Thanks for the detailed answer! You're application sounds very interesting and I would be very interested to see what comes out of such visualization.

I think you are right and the binning might be the best solution since there is only one global cutoff. Should have thought about that earlier, thanks for pointing it out!

I will try my hand at implementing and testing it. Unfortunately I cannot promise any schedule, as I don't right now have too much time to spend on this.

[anjohan]

No worries, this isn't urgent. The SOAP vector calculation still takes much less time than the MD simulation, since I'm only calculating descriptors for a small subset of the frames and using mpi4py.

I should also be able to add a naive (but linearly scaling) binning myself, now that I understand more of libsoap. I may have some time later this week.

[anjohan]

I've started working on an implementation.

[lauri-codes]

That's great! External contributors are very welcome.

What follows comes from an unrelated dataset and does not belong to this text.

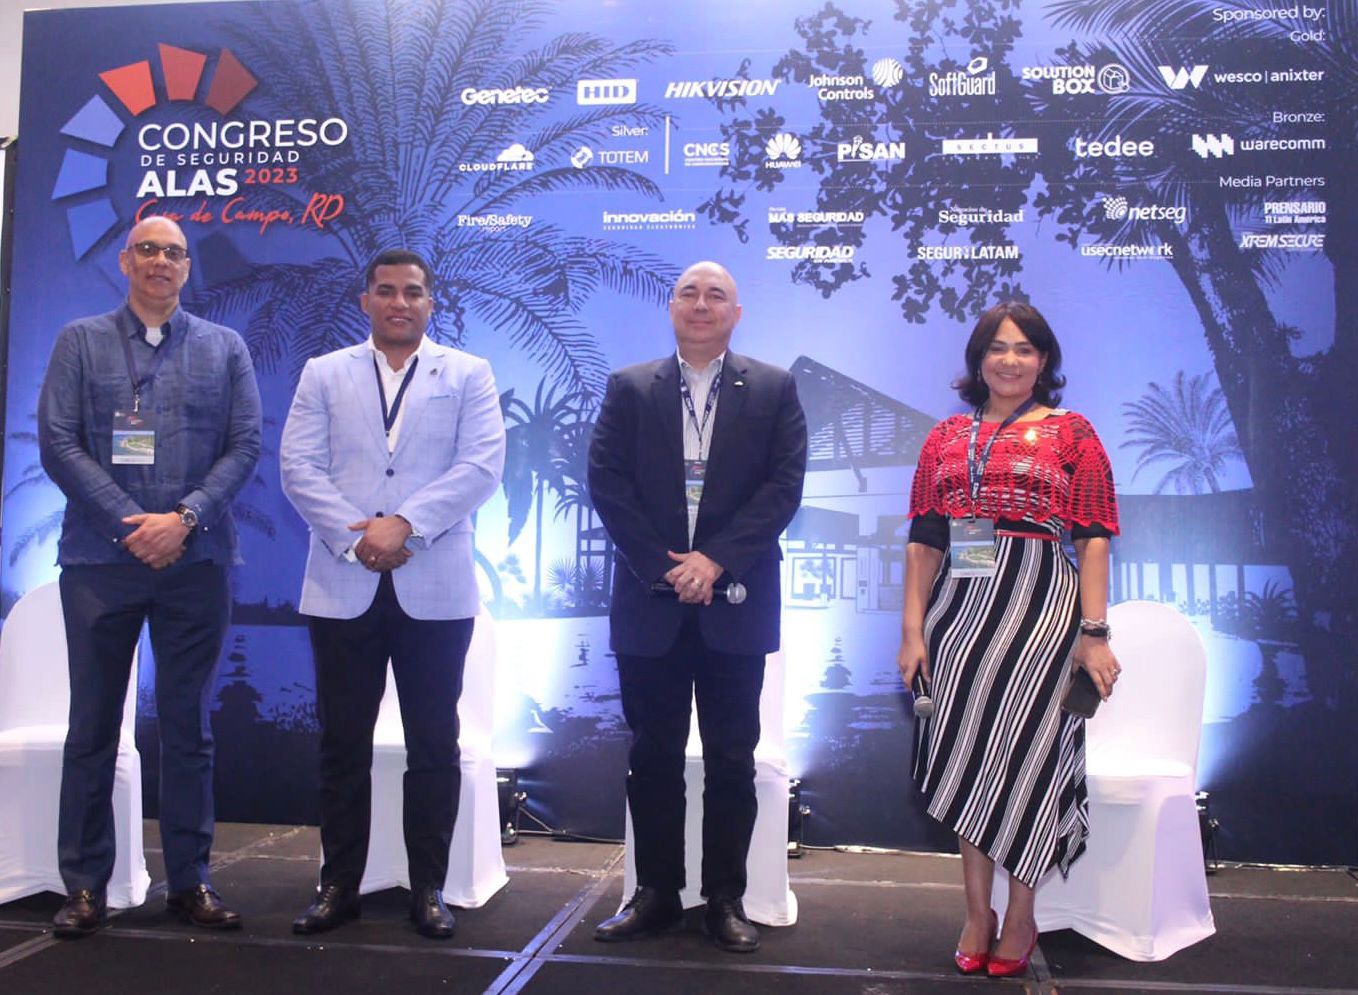 Director del CNCS Juan Gabriel Gautreaux participa en Panel Ciberseguridad en Congreso ALAS 2023

Will you be doing this on the python side or in C/C++? For now this doesn't really matter, but eventually, I would want this functionality in the C/C++ side and available to all the other descriptors as well.

[anjohan]

In C. As a result, I'm currently enjoying some segfaults.

[lauri-codes]

Have fun :>

[lauri-codes]

Thanks @anjohan for contributing the spatial binning algorithm! It is now fully tested and integrated into SOAP in version 0.3.2.